И сам дождь, и свежесть, которую он приносит на землю, стекая с края далёких небес, глубокую свежесть, зовущую вдохнуть полной грудью, остро чувствуя абсолютно все окружающие запахи: мокрых листьев, мокрых деревьев, мокрой травы, асфальта, покрышек, ещё горячего двигателя, капель, высыхающих на тёплом капоте, – дождь заставляет мир раскрываться, и в такие мгновения он особенно хорош.
И особенно хочется жить…
Солнца в этом октябре людям доставалось немного, и сейчас, в середине дня, низкие тучи создавали ощущение стремительно надвигающегося вечера. Впрочем, иногда они расходились, и тогда яркое, не по-осеннему яркое солнце торопливо напоминало о своём существовании; извиняясь, что не всегда получается пробиться сквозь одеяло туч. Илья Бархин извинения солнца принимал с удовольствием: дождь он не любил, но относился к нему ровно и без раздражения – пошёл, значит, пошёл, ничего не поделаешь, – как относился ко всему, на что не имел возможности влиять и что не мог контролировать. Прагматично относился. А выглянувшему солнцу обрадовался, остановил чёрный «Range Rover», включил «аварийку», заглушил двигатель, вышел из машины, постоял чуть, привыкая к смене обстановки – после тёплого салона влажный воздух показался особенно острым, а затем глубоко вдохнул, забирая в себя все окружающие запахи: последние пятнадцать минут Бархин ехал по узкой асфальтовой дороге, по сторонам которой высились деревья, и теперь наслаждался ощущениями, невозможными ни в одном из московских парков, которые дарит пребывание в настоящем лесу. Вздохнул несколько раз, не опасаясь простудиться – или не задумавшись о том, что может простудиться, – достал из кармана пачку сигарет и закурил, отметив про себя, как легко дышится и очень приятно курится на свежем воздухе. Курильщики могут не любить дождь, но сочетание свежести и табака нравится большинству из них.
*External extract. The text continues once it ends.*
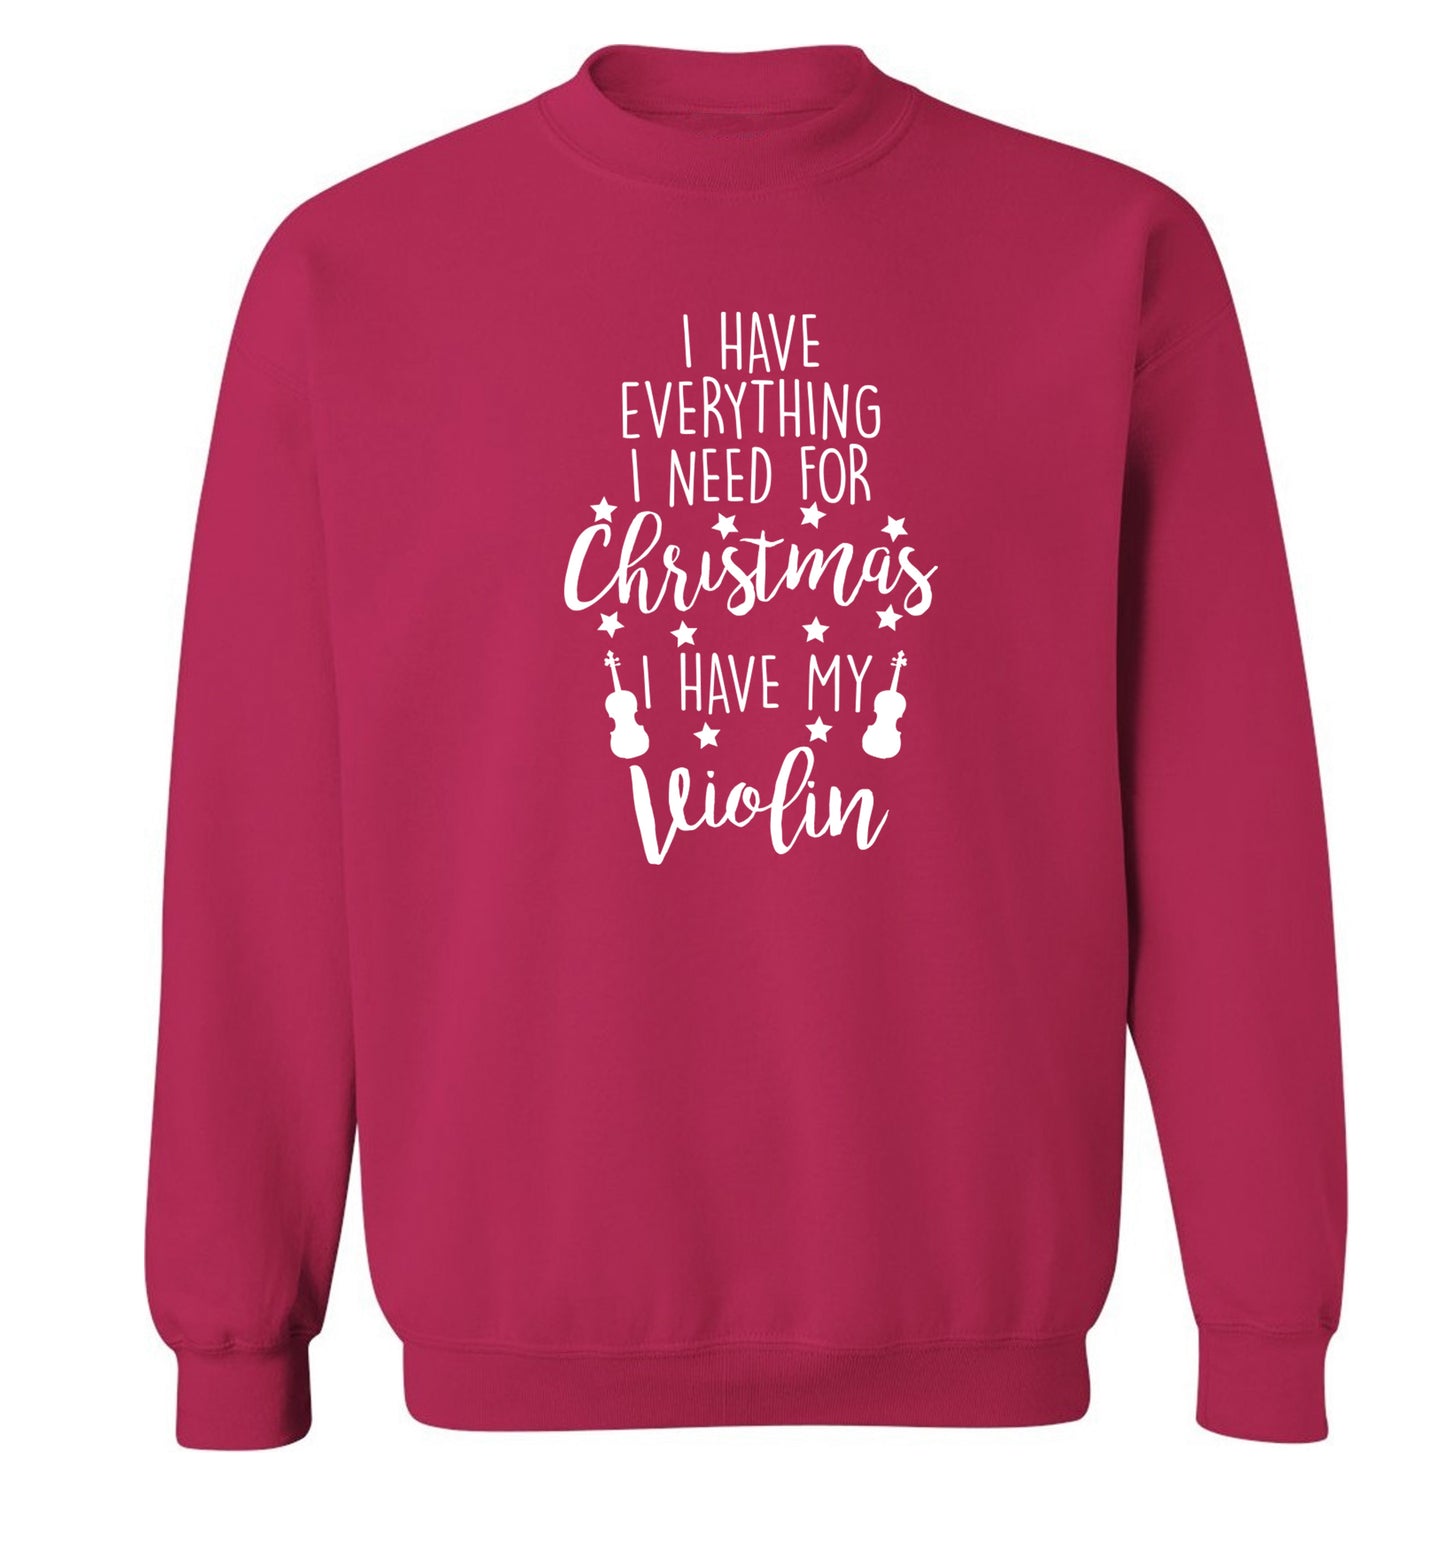 I have everything I need for Christmas I have my violin Adult's unisex pink Sweater 2XL

Он глубоко затянулся – так же глубоко, как до этого вдыхал лесной воздух, и вновь вернулся мыслями к разговору с женой, состоявшемуся прямо перед отъездом. И хоть высказывалась Галина без ночного надрыва, диалог получился жёстким и неприятным. И начался с безапелляционного заявления жены, что «ей надоело». Надоело, что Илья периодически обедает с Адой; что может час и даже больше говорить с ней по телефону; надоели ночные звонки, хотя сегодняшний случай был редчайшим исключением; надоело видеть её на всех семейных праздниках – «Спасибо, что для моего дня рождения ты сделал исключение», – с сарказмом завершила Галина эту часть обвинений. Одним словом – надоело. Раздражение накапливалось давно, и ночной звонок послужил камешком, с которого начался сход лавины. Бархин понимал, что его отношения с Адой не могут нравиться жене, и попытался купировать скандал, напомнив, что речь идёт о подруге детства, не более, однако быстро понял, что на этот раз Галина не выражает неудовольствие, а выдвигает ультиматум и намерена добиться его исполнения.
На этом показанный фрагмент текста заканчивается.